Recently, I have been working for a subject storehouse system. Since duplicate subject are added to the storehouse, it is necessary to query the duplicate subject, and delete all duplicate subject leave only one, so that the duplicate subject cannot be taken when the test is taken.
First wrote a small example:
Single field operation
This is the table in the database:
Select Repeat Field From Table Group By Repeat Field Having Count(*)>1
See if there is duplicate data:
GROUP BY <column name sequence> HAVING <group conditional expression>
Query out: those groups that satisfy the group conditional expression (the number of repetitions is greater than 1) in the having clause according to the dname grouping
There is no difference between count(*) and count(1).
Query all duplicate data:
Select * From Table Where Repeat Field In (Select Repeat Field From Table Group By Repeat Field Having Count(*)>1)
Delete all duplicate subject:
Change the above query select to delete (this will cause an error)
DELETE FROM dept WHERE dname IN ( SELECT dname FROM dept GROUP BY dname HAVING count(1) > 1
The following error will occur: [Err] 1093 – You can’t specify target table ‘dept’ for update in FROM clause
The reason is: update this table and query this table at the same time, query this table and update the table, can be understood as deadlock. Mysql does not support this update to query the same table operation
Solution: Query the columns of data to be updated as a third-party table, and then filter the updates.
query duplicate subject in the table (according to depno, except for the one with the smallest rowid)
the first method:
SELECT * FROM dept WHERE dname IN ( SELECT dname FROM dept GROUP BY dname HAVING COUNT(1) > 1 ) AND deptno NOT IN ( SELECT MIN(deptno) FROM dept GROUP BY dname HAVING COUNT(1) > 1 )
The above is correct, but the query is too slow, you can try the following method:
The second method:
According to the dname grouping, find out the deptno minimum. Then query deptno and do not contain the one just found out. This will query all the duplicate data (except the smallest line of deptno)

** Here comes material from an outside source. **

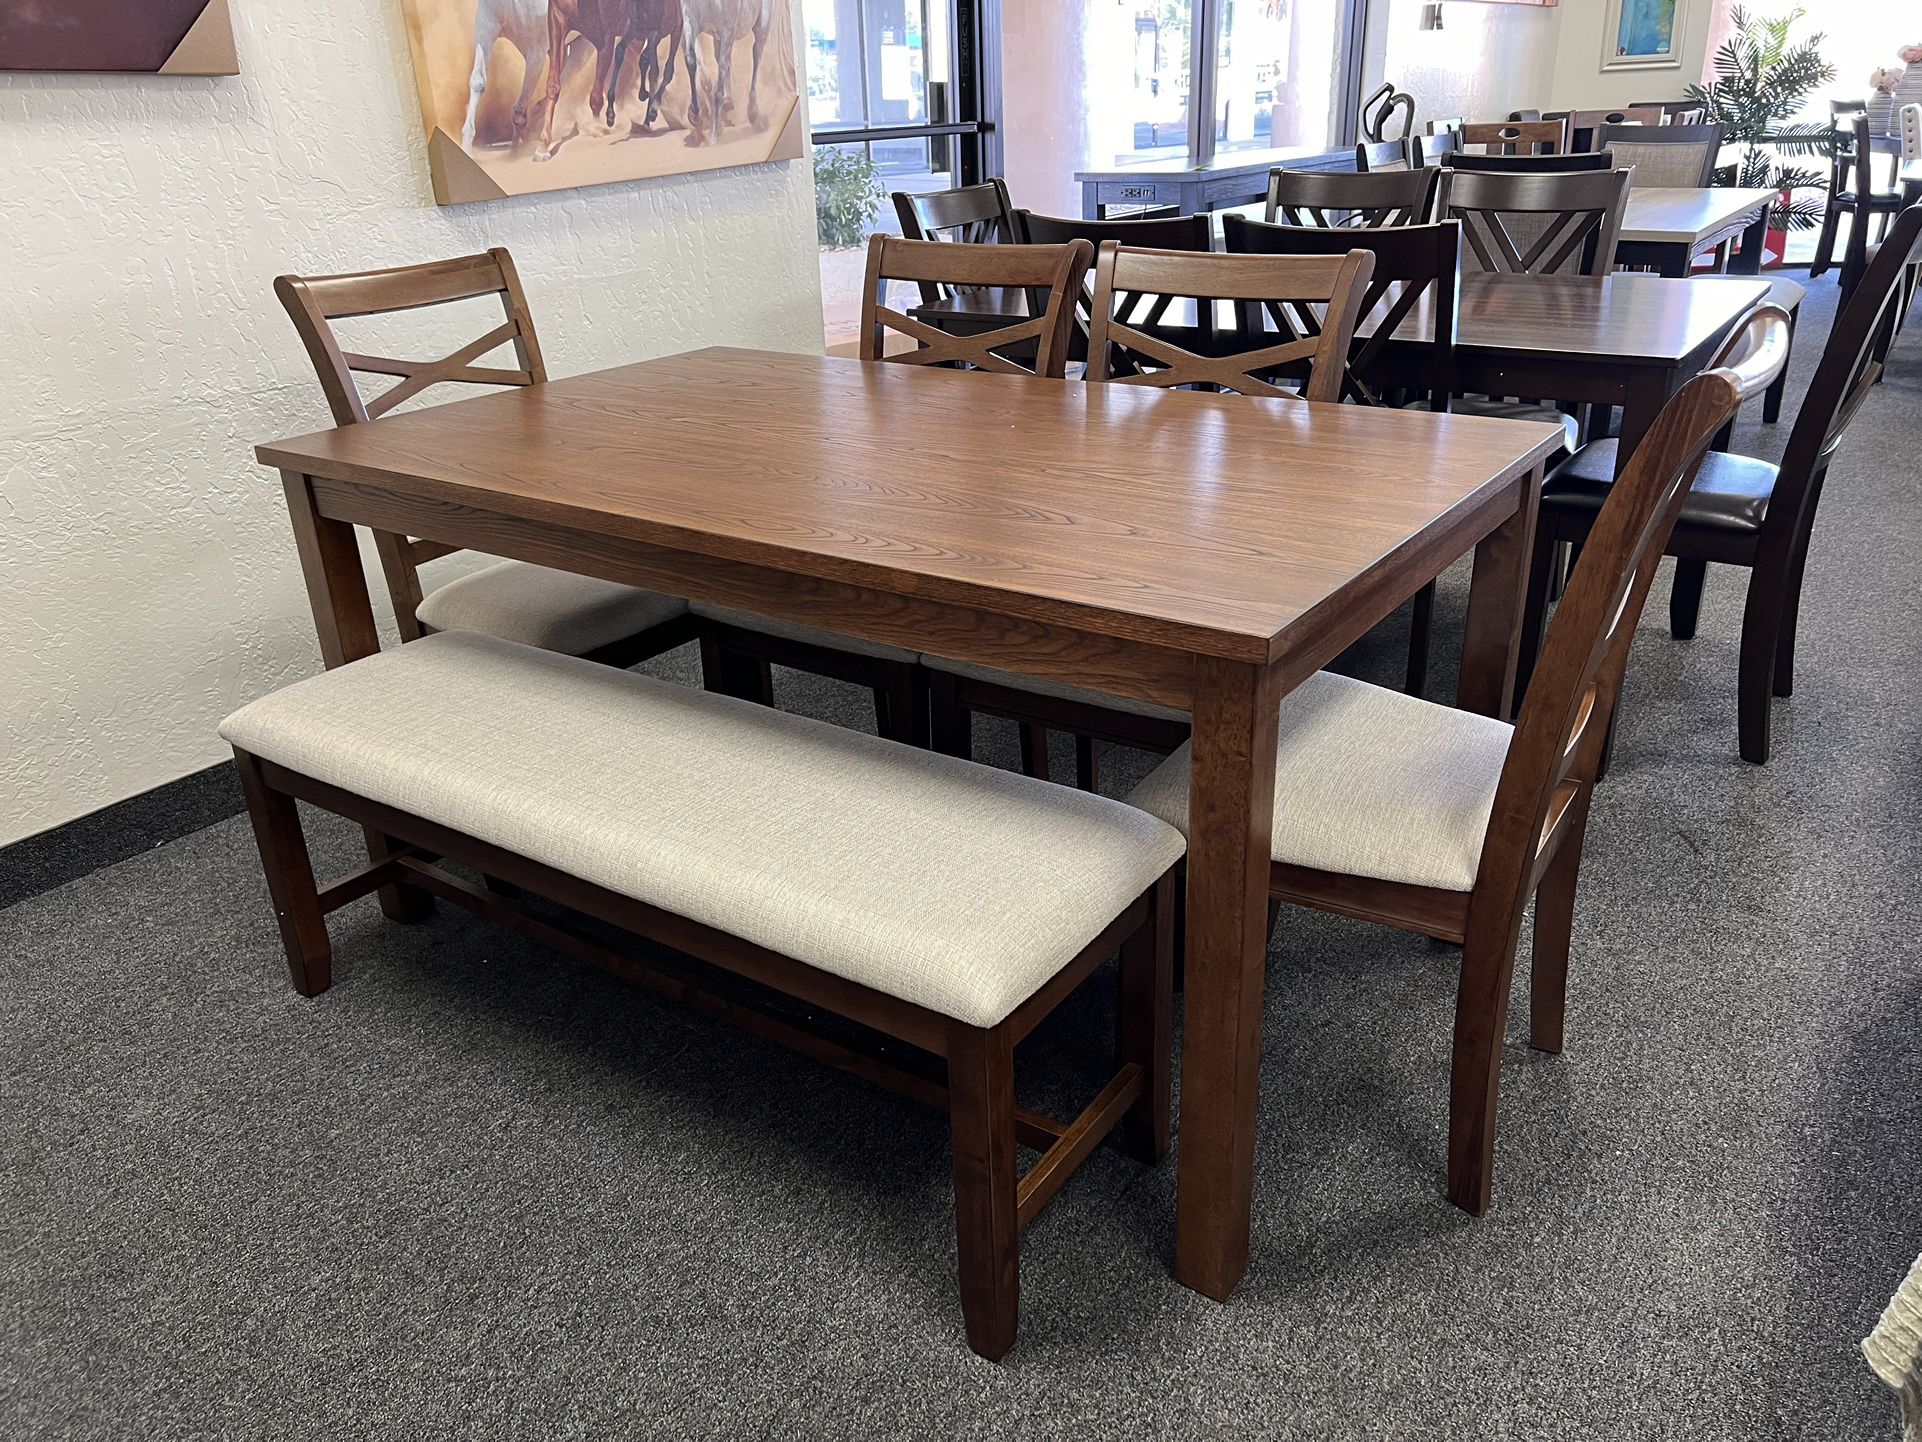 Wooden Dining Set With 4 Chairs And Bench

SELECT * FROM dept WHERE deptno NOT IN ( SELECT dt.minno FROM ( SELECT MIN(deptno) AS minno FROM dept GROUP BY dname ) dt )
Delete redundant duplicate subject in the table and leave only one:
the first method:
DELETE FROM dept WHERE dname IN ( SELECT t.dname FROM ( SELECT dname FROM dept GROUP BY dname HAVING count(1) > 1 ) t ) AND deptno NOT IN ( SELECT dt.mindeptno FROM ( SELECT min(deptno) AS mindeptno FROM dept GROUP BY dname HAVING count(1) > 1 ) dt )
The second method (corresponding to the second method of query above, just change select to delete):
DELETE FROM dept WHERE deptno NOT IN ( SELECT dt.minno FROM ( SELECT MIN(deptno) AS minno FROM dept GROUP BY dname ) dt )
Operation of multiple fields:
If you already have been learn to delete a single field is there, multiple fields are also very simple.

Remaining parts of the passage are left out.